Review by historian9
4 stars Excellent album by Chuck, Bob and Carlos, with Randy being allegedly absent from this album (and Carlos has left since then). Although I heard they gave out these names or nick names of themselves on an earlier tour, it's nice to get in touch with THE RESIDENTS more closely, their most emotional and personal high point for me being the "Demons Dance Alone" album, not that they didn't release anything good after it.

This album is about their past; basically, as the legend of THE RESIDENTS goes, before coming to San Francisco and experimentation with music and other media, they were living in Louisiana (that's at least the first incarnation of the band and since the first unofficial LP in 1971 who knows how many of them changed around). All of the music on this album is inspired by that life in Louisiana, more specifically, the nights on which young RESIDENTS hung out in swamps around bonefires (Coochie Brake being one of cypress swamps in Louisiana). Imagine all the sounds you would hear at such gatherings, with some emphasis on calming nature around you, some dudes just joking around with creepy stories , and then throw in some guitars, tribal instruments and chants of all sorts, with a few industrial overtones as well. It might sound a bit complicated but it's really good, rich in instruments, sometimes noise as well, but it all flows nicely not trying to throw you of by being dissonant, it just keeps delivering this creepy atmosphere of those swam gatherings. It might be repetitive for some, but to me it was varied enough as THE RESIDENTS weren't afraid to latch onto a catchy melody here and there and make something charming out of it (song "Bitter Bitter" is like a tribal leader speaking over grunge guitar). There are voices as well, mostly in Spanish but they don't dominate the music, sometimes more in spoken word and I don't know what they are about, so there might be a whole new meaning behind the songs after some time when they get translated. Actually some yelling, chanting, whispering and such are used too and they fit in well, never really going back to the old avantgarde tribal days of "Eskimo" but to a modern sonic landscape ; I had a bit of trouble of finding an example of a band who produced songs in this manner, and this album had me thinking actually of RADIOHEAD's "King Of Limbs", and the tracks off of it, like "Feral" and the like which I think it comes close in comparison, being for me halfway between less demanding but still weird background(-ish) music and experimentation.

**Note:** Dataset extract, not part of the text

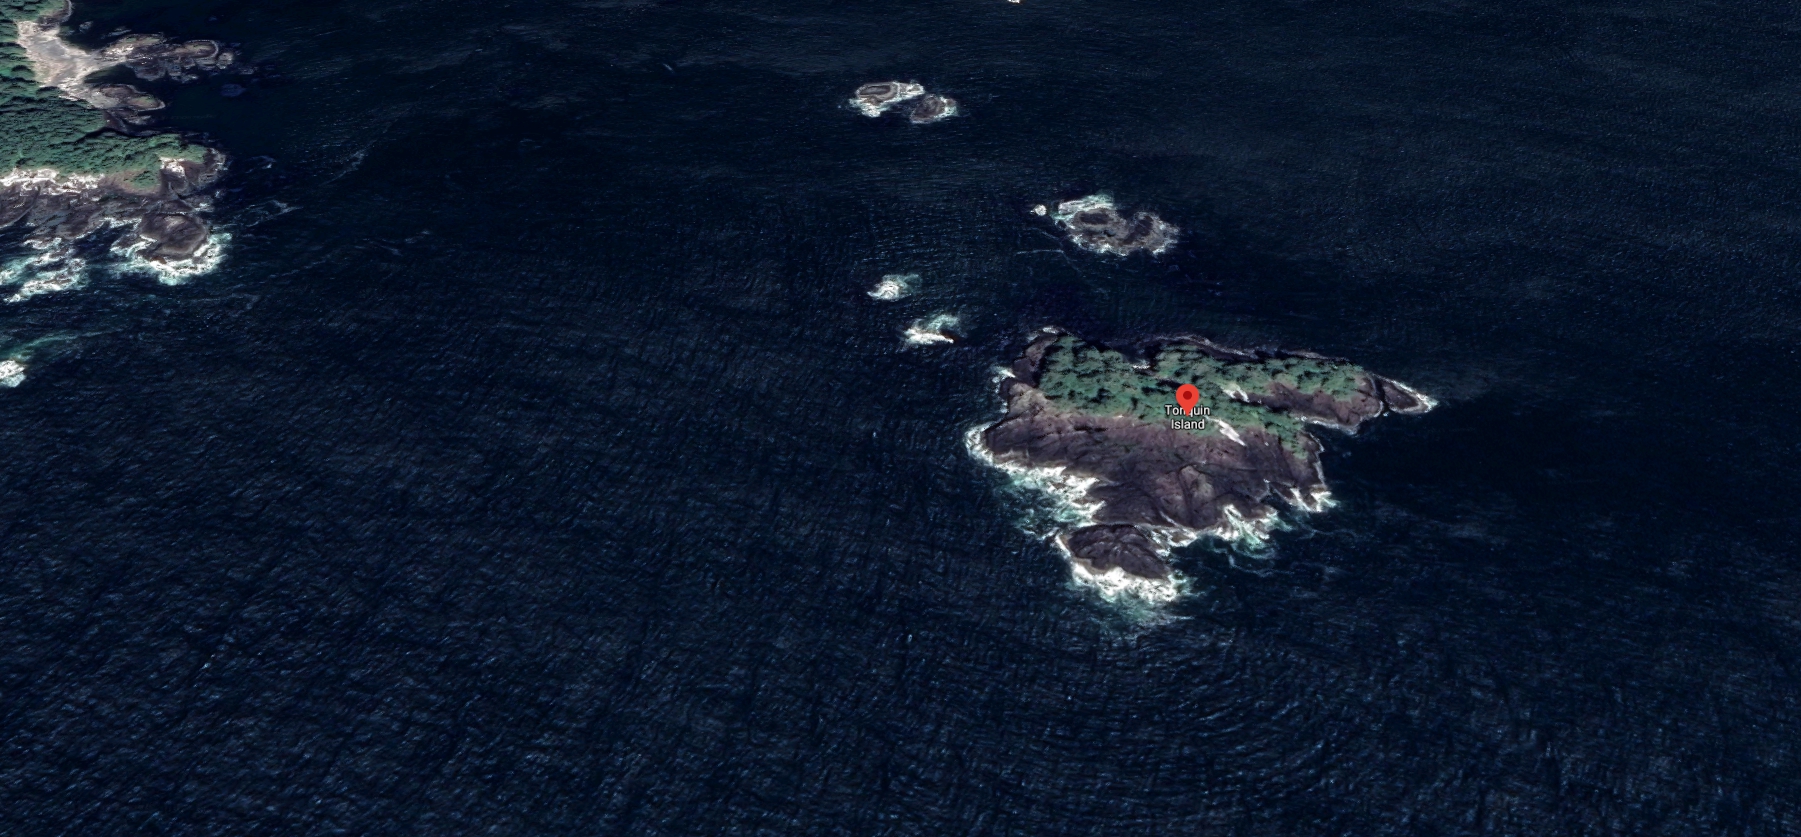 Tonquin Island

The bonus disc is quite an feat as well, "Lying Horse Rock" with some narration about old gangs and old legends (in English); almost 20 minutes long "West & Kembrell" though is just pure amazing, it's like "Festival Of Death" transported into these dark creepy nights in swamps that the rest of the album layed down, played by tribesmen on drugs. More exciting than any song before it, featuring a lot of buld-ups, break-outs and just genuine freak outs on electronic and acoustic instruments, especially percussions. Also there are singing children in one "chorus" (something at that point draws me to the intro music of the Beetlejuice cartoon, but I think it's just voodoo magic starting to effect me) which I would never expect on THE RESIDENTS record, serving as a backing vocal of sorts in that world music way that for example MIKE OLDFIELD used a lot. What I'm saying is that the limited bonus disc is an excellent addition to the album for that song so it's definitely worth checking it out.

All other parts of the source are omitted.